22 Oct 2021 / courts Print

English courts backlog to linger ‘for years’, with delays until 2025

The British government’s own modelling suggests that a backlog of court cases may not return to pre-pandemic levels until 2025 at the earliest, according to a report in the Law Society Gazette of England and Wales.

The Gazette describes a report on the issue from the country’s public-spending watchdog, the National Audit Office (NAO), as “highly critical”.

The office said that the Ministry of Justice (MoJ) and HM Courts & Tribunals Service (HMCTS) were “not yet working towards shared, strategic objectives for recovering in criminal courts”, and had a “poor understanding” of how the court recovery programme had affected vulnerable and ethnic-minority users.

Two scenarios

According to the report, the Ministry of Justice’s latest models indicate that the backlog could be between 17% and 27% higher than pre-pandemic levels by November 2024.

Ahead of negotiations on its budget, the MoJ set out ambitious and cautious scenarios that forecast a backlog of 48,000 and 52,000 cases respectively by November 2024.

”Both scenarios assume increasing the use of part-time judges to unprecedented levels,” the watchdog’s report says. “Since the two sets of projections are very similar, it is difficult for decision-makers to understand the reasonable range of potential outcomes from their funding and other strategic decisions.”
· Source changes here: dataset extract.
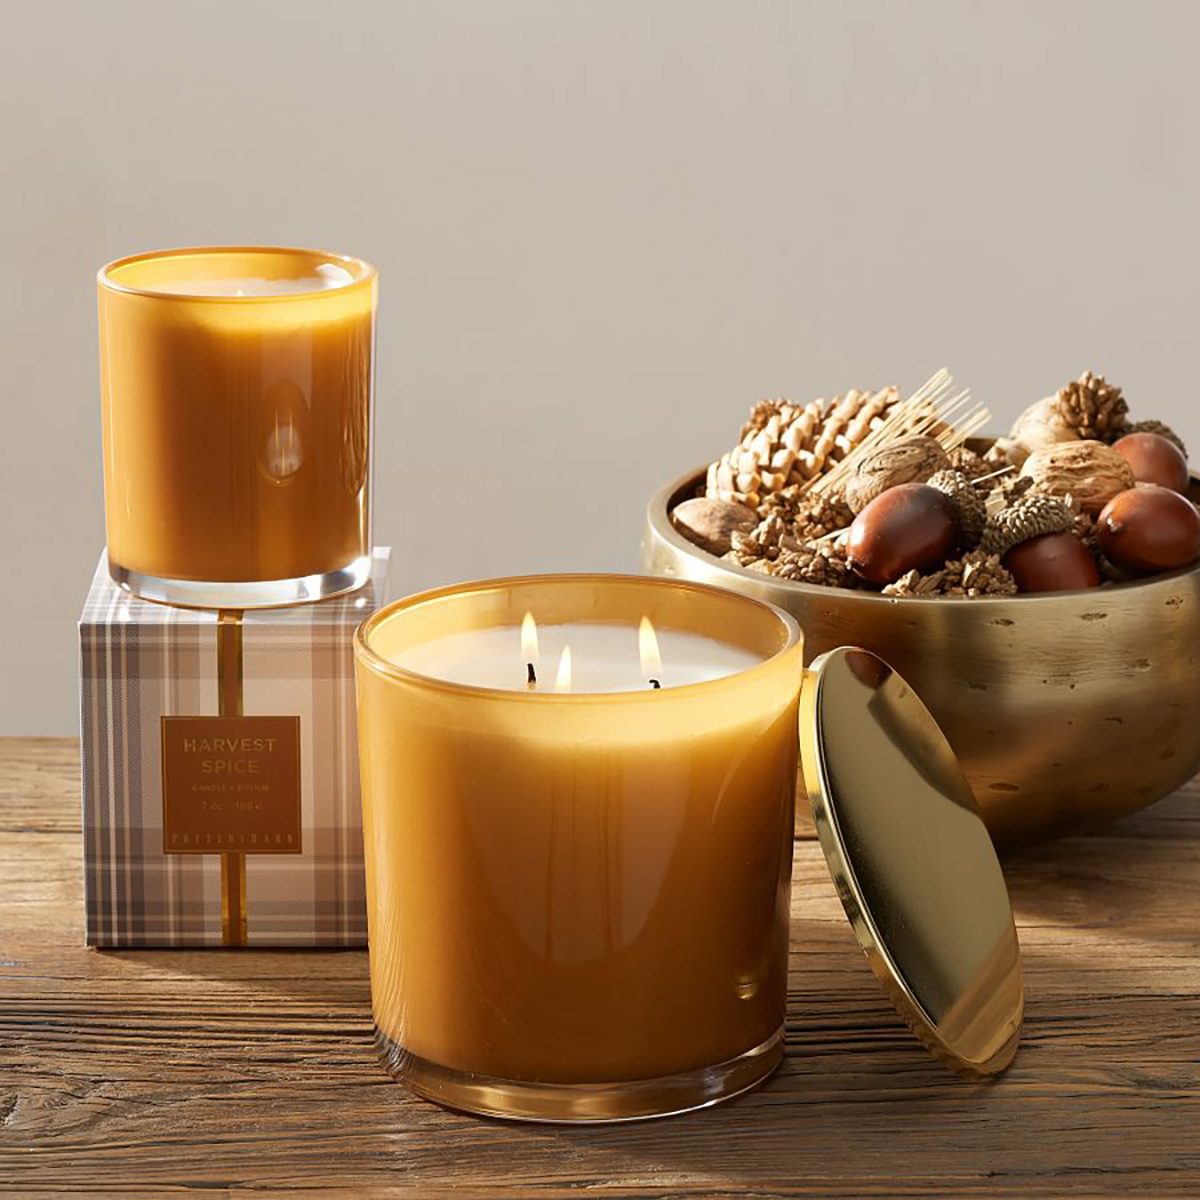 17 of the Best Fall Candles to Light in 2021

The ministry then developed a third scenario, which assumed maintaining the funding agreed in the 2020 spending review, and forecast a backlog of 72,000 cases by November 2024.

Cases could collapse

The Crown court backlog increased by 23% in the year leading up to the pandemic, rising from just over 33,000 on 31 March 2019 to just over 41,000 a year later. The backlog has increased a further 48% since the onset of the pandemic – to more than 60,500 cases on 30 June this year.
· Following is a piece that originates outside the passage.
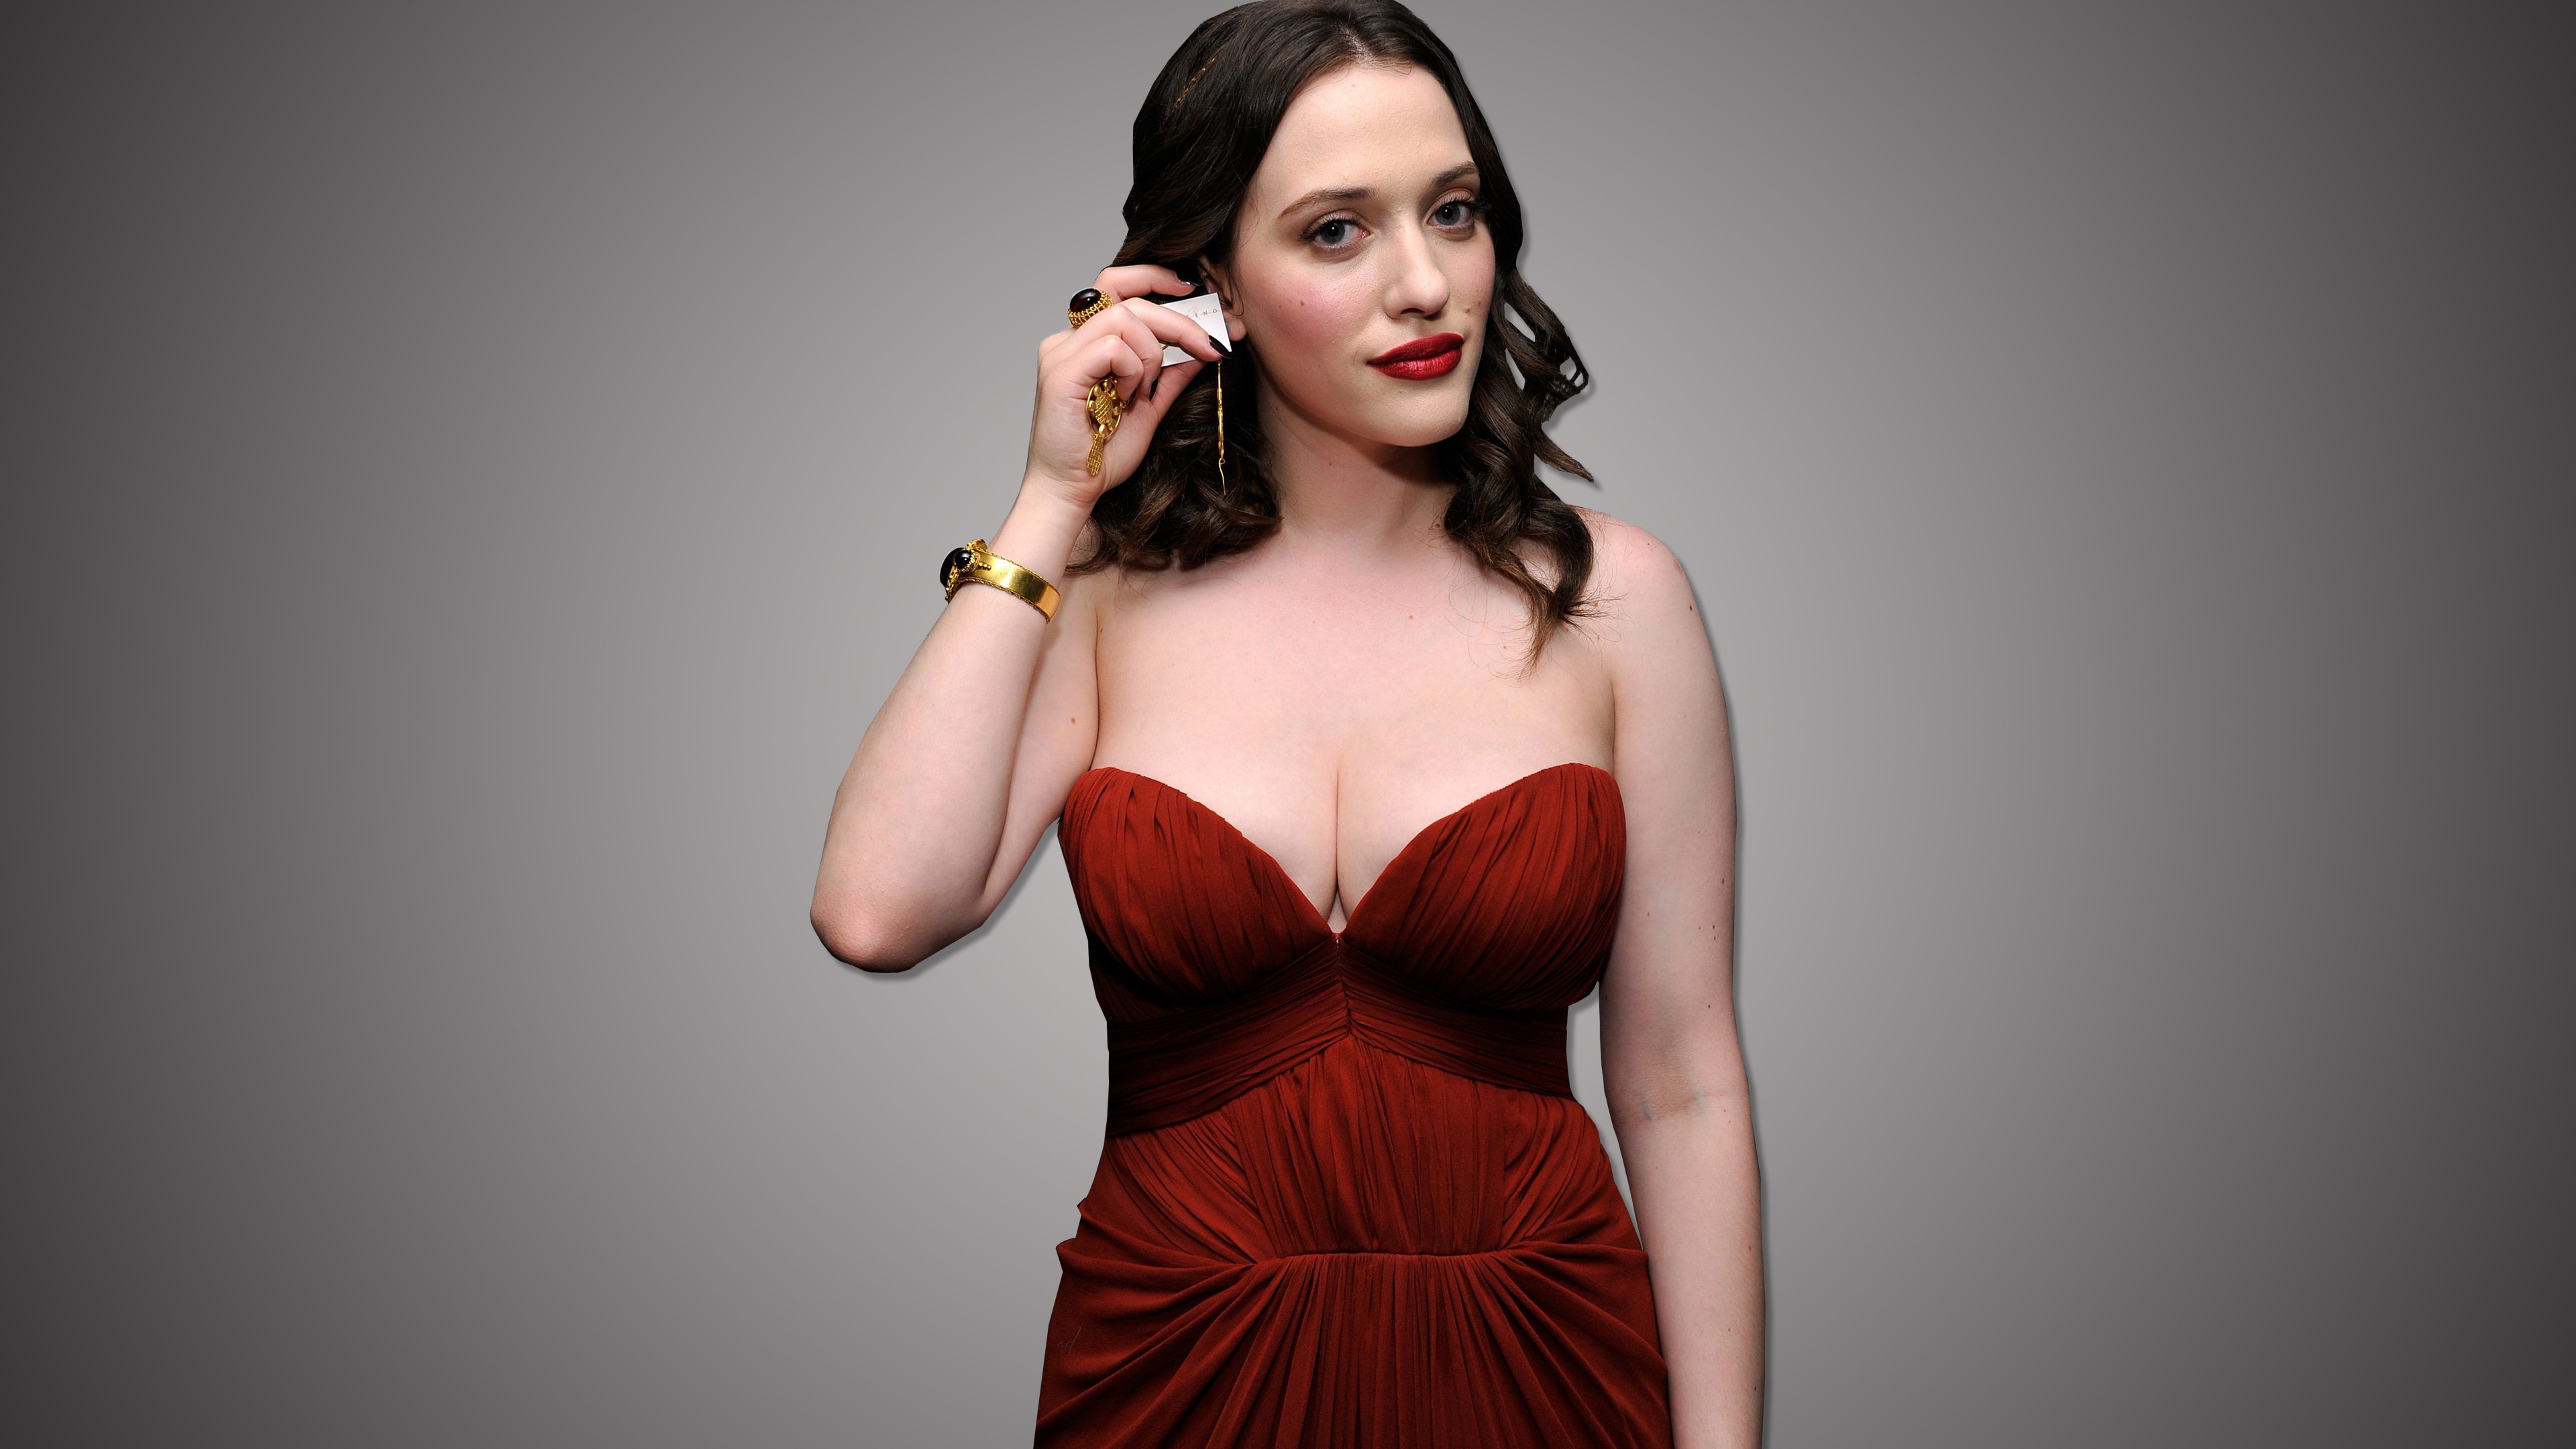 People 3840x2160 Kat Dennings actress brunette big boobs red dress gradient women strapless dress cleavage glamour

Cases in the backlog on 30 June this year had been waiting an average of 230 days – 84 days longer than was the case at the end of March last year.
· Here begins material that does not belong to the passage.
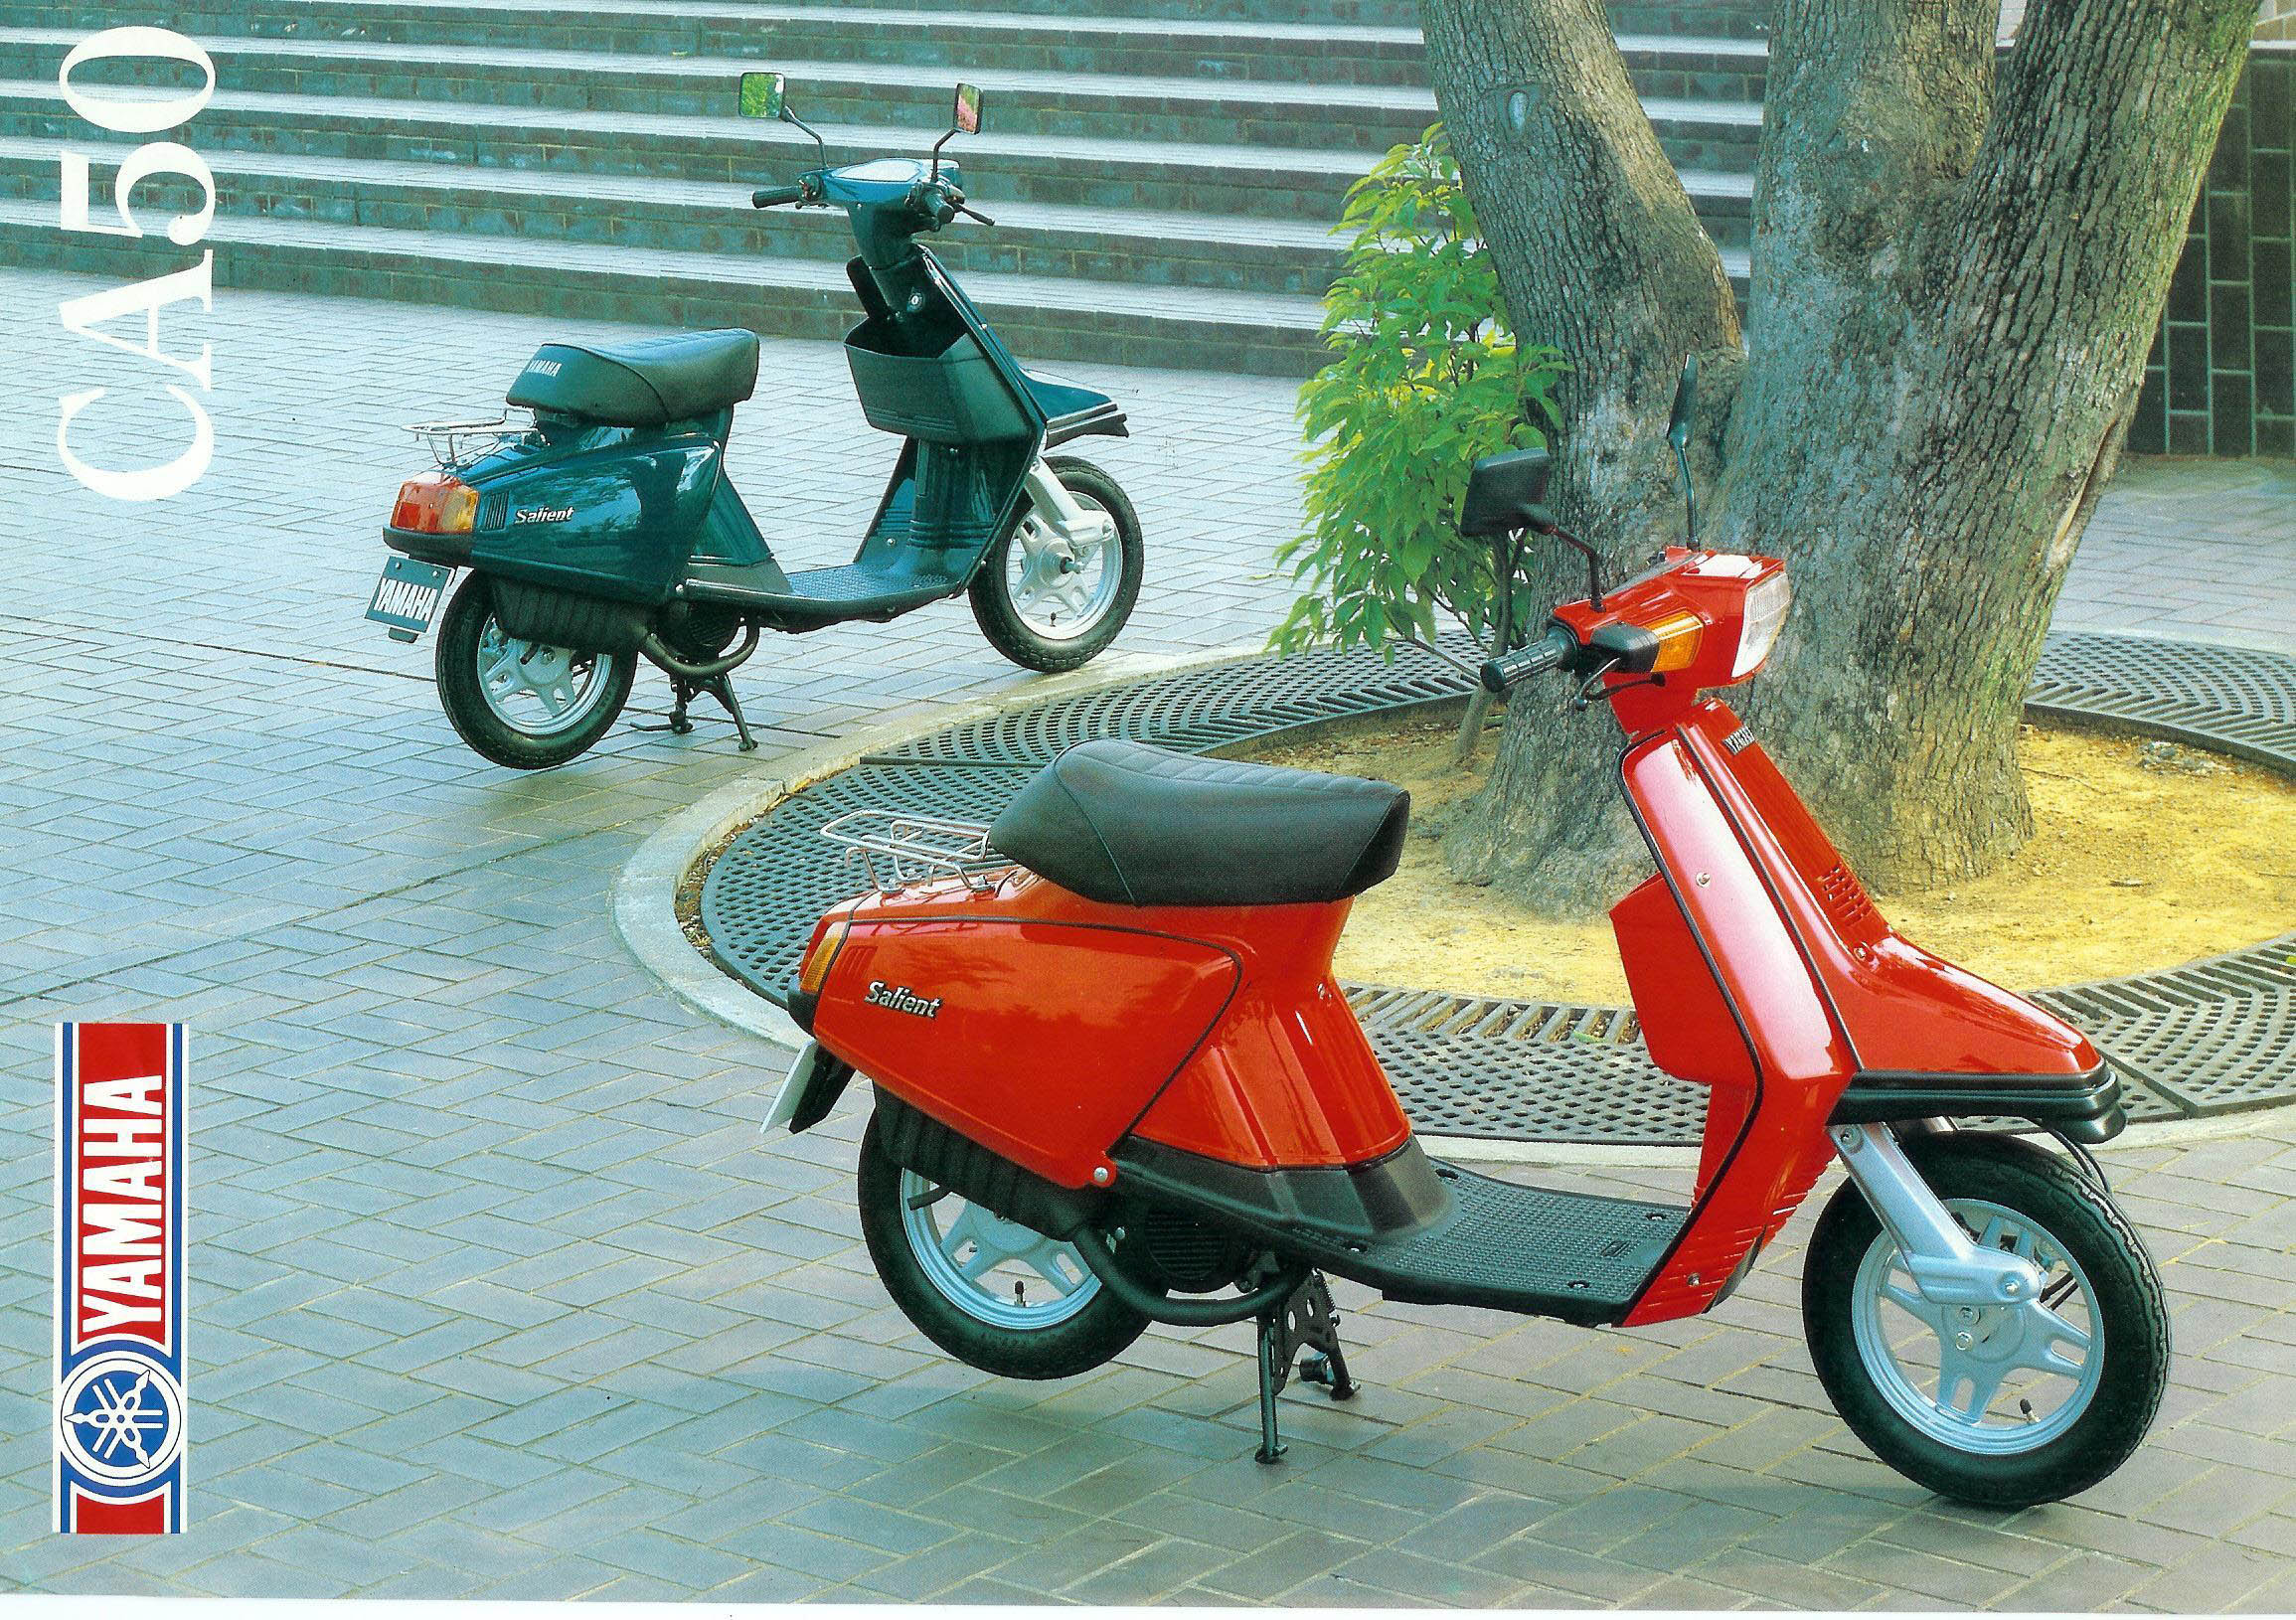 General Yamaha Scooter Information

“Delays could mean more victims and witnesses withdraw from the process, increasing the likelihood of cases collapsing,” the report says.

Other “significant risks” identified by the NAO to efforts to reduce the backlog include judicial availability, the capacity of other criminal-justice agencies, and long-standing data limitations that obscure understanding of future demand.

‘Need for investment’

On a more positive note, HMCTS is praised for responding quickly in the early stages of the pandemic, prioritising staff and court-user safety, and access to justice for urgent cases.

"Despite efforts to increase capacity in criminal courts, it looks likely that the backlog will remain a problem for many years,” the Gazette quotes NAO head Gareth Davies as saying.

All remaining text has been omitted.